Little Boy said, “I love you so much.”
Fat Man said, “I love you too.”
HIDEKI AND MASUMI
“I told you you could be a good speaker,” says Fat Man. He twists out his cigarette in an ashtray surrounded by empty liquor bottles. There are a dozen butts, some very old, lining the edge of the tray, their ash ends collapsed into a pile. The orange bits of his own cigarette burn out quickly.
Little Boy shrugs. “Throat hurts.”
“You exhausted the ghosts,” says Masumi. “I see how it was now. They were molds, then maggots, then flowers, then spiders, and so on. Most gave up on following you after that. Many of the rest helped make a tree. There are only a few left.”
“What do you think it’s like being a tree?” asks Fat Man.
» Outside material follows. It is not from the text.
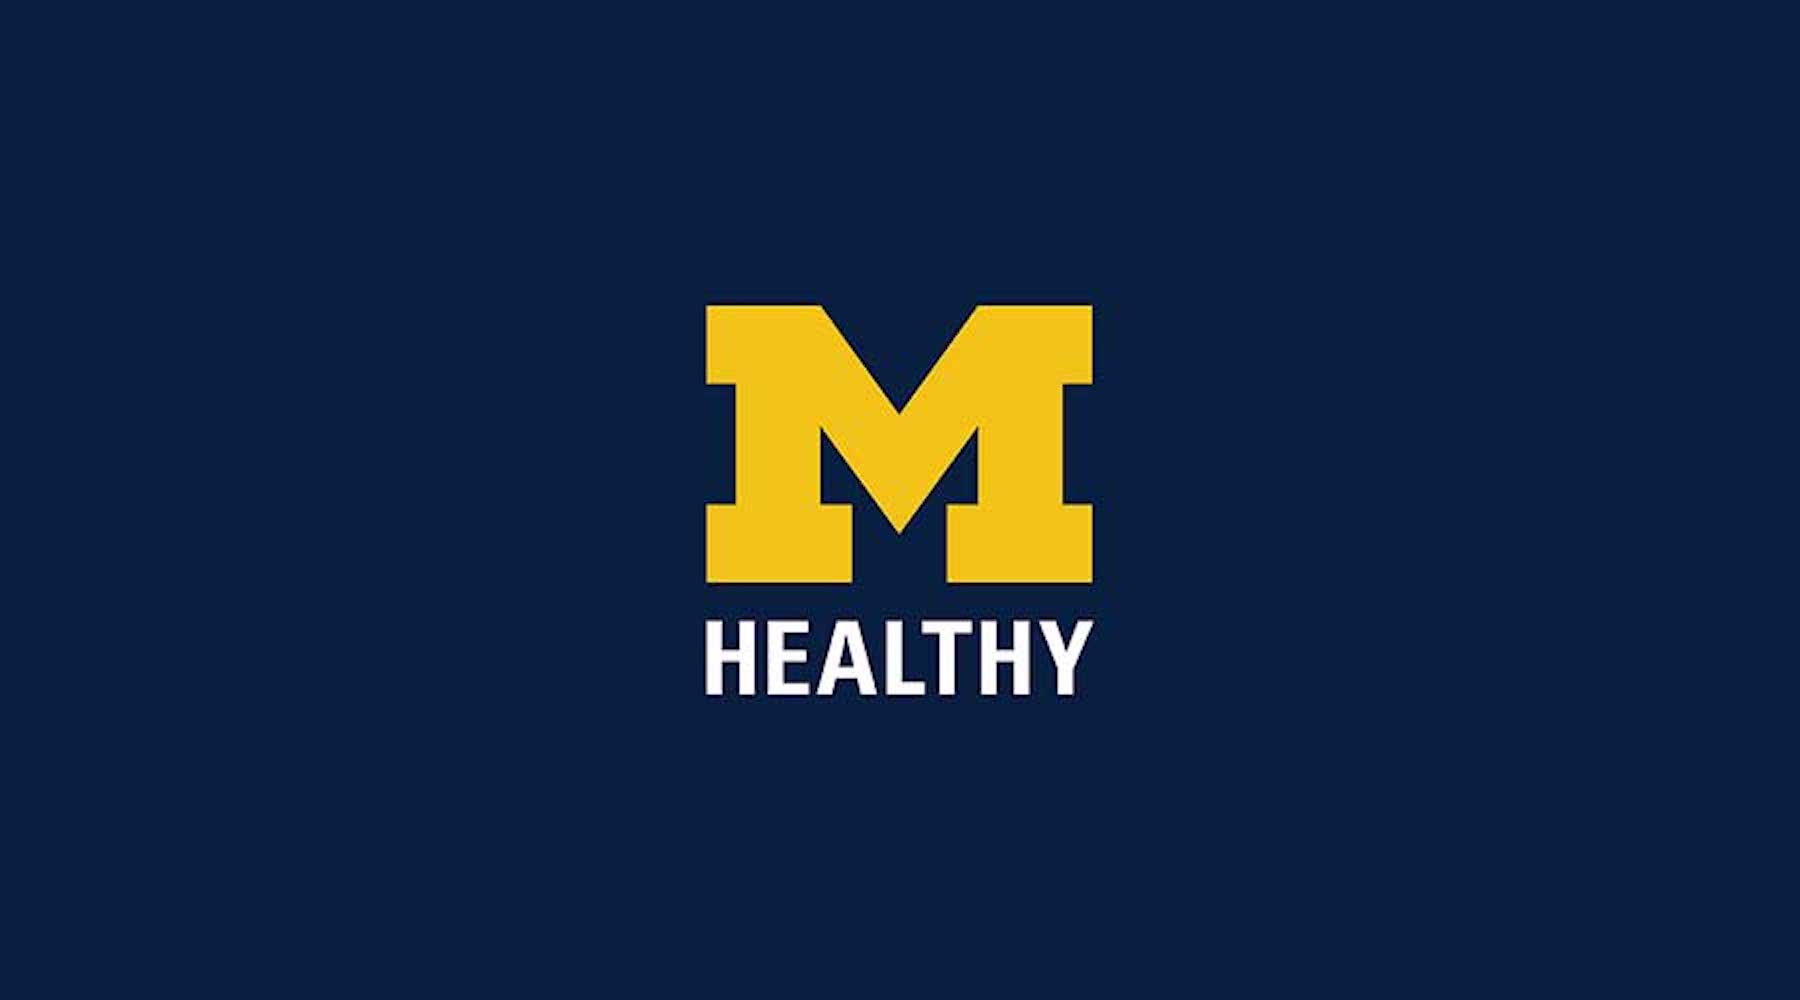 M Healthy logo

“I don’t think it’s like much of anything,” says Masumi. “Which makes it very close to nirvana.”
“They still come to us, if we wait long enough. If I touch the wick of a candle and wait, there will be fire. If I am careless in my eating, the food will rot. When I’m agitated, it can be as bad as it ever was. I want them to leave me alone,” says Fat Man. “You could still kill me. I wouldn’t mind very much as long as you don’t hurt Little Boy.”